09-06-2009, 03:15 AM
Great advice and awesome maps. It's good to hear someone in the industry give such a detailed example of the process of creation as it applies to professional publishing. I look forward to more of your posts and insights.

On a side note, I looked through your portfolio website and noticed the Wolf Nomads and Cold Marshes maps you did and realized I used them in one of my games a while back to great success.

09-06-2009, 03:22 AM
Hmm... I kinda liked the "scrolly" versions though. Especially the last version you did, on the crumpled and torn paper.

Steel General
09-06-2009, 09:43 AM
Cool stuff...thanks for sharing.

09-06-2009, 10:20 AM
On a side note, I looked through your portfolio website and noticed the Wolf Nomads and Cold Marshes maps you did and realized I used them in one of my games a while back to great success.
Wow! Fantastic! Thanks for sharing!

That was my second map for the old Dungeon Magazine. Mike Schley was my editor, another great guy (whose astonishing work I saw yesterday in Barnes & Noble in the new D&D 4.0 Forgotten Realms Campaign Guide). I wanted to try a unusual approach to a regional map, something like some National Geographic maps I'd seen. Mike let me fly with the idea, and Dungeon published it.

I got very mixed feedback. Nobody had a neutral opinion. Some loved it. Others hated it, noting that computing accurate distances across the map face was impossible and saying it looked like an overly saturated satellite photo rather than a genuine gaming map.

But I loved making it. I should do another thread on that map. Lots of lessons learned! And I could tell the story of the vignette illustrations surrounding a later version of the map.
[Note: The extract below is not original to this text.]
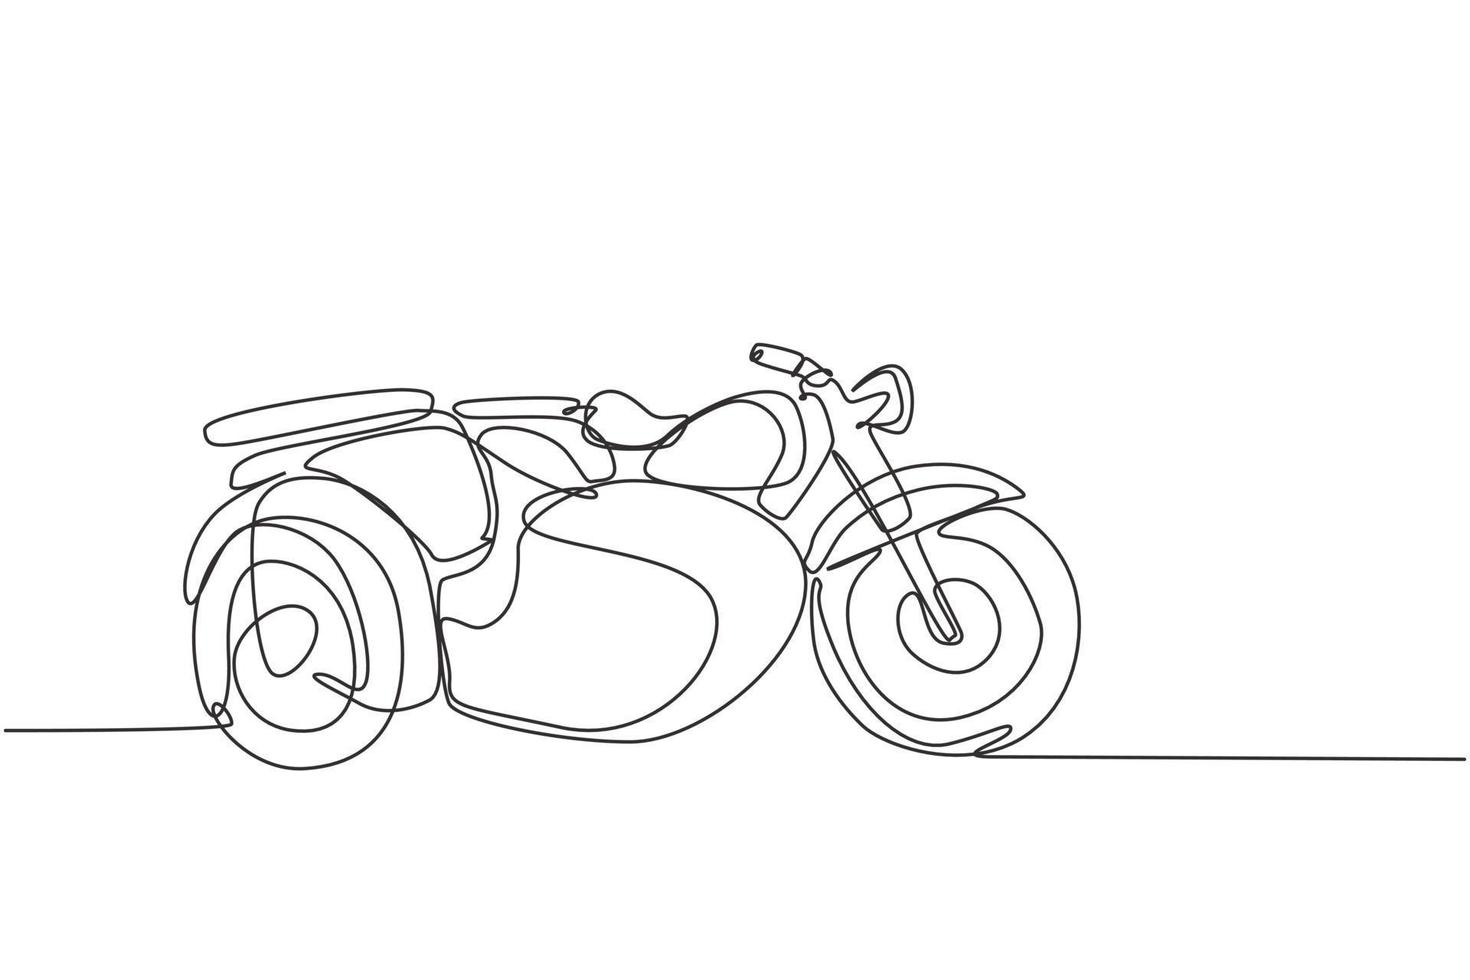 un dessin au trait continu d'une vieille moto vintage rétro avec side-car. Concept de transport moto classique dessiner une seule ligne illustration vectorielle de conception graphique vecteur

But here's the basic map Dungeon published (copyright 2005 by Edward J. Reed, all rights reserved):

09-06-2009, 10:24 AM
Great advice and awesome maps. It's good to hear someone in the industry give such a detailed example of the process of creation as it applies to professional publishing. I look forward to more of your posts and insights.
Thanks, man! Compliments like that make me want to keep posting! Now I need to get back to work on posting my retrospective WIP on the Haunted Mansion, a task so big and daunting I've been avoiding it. You've just given me the incentive to try.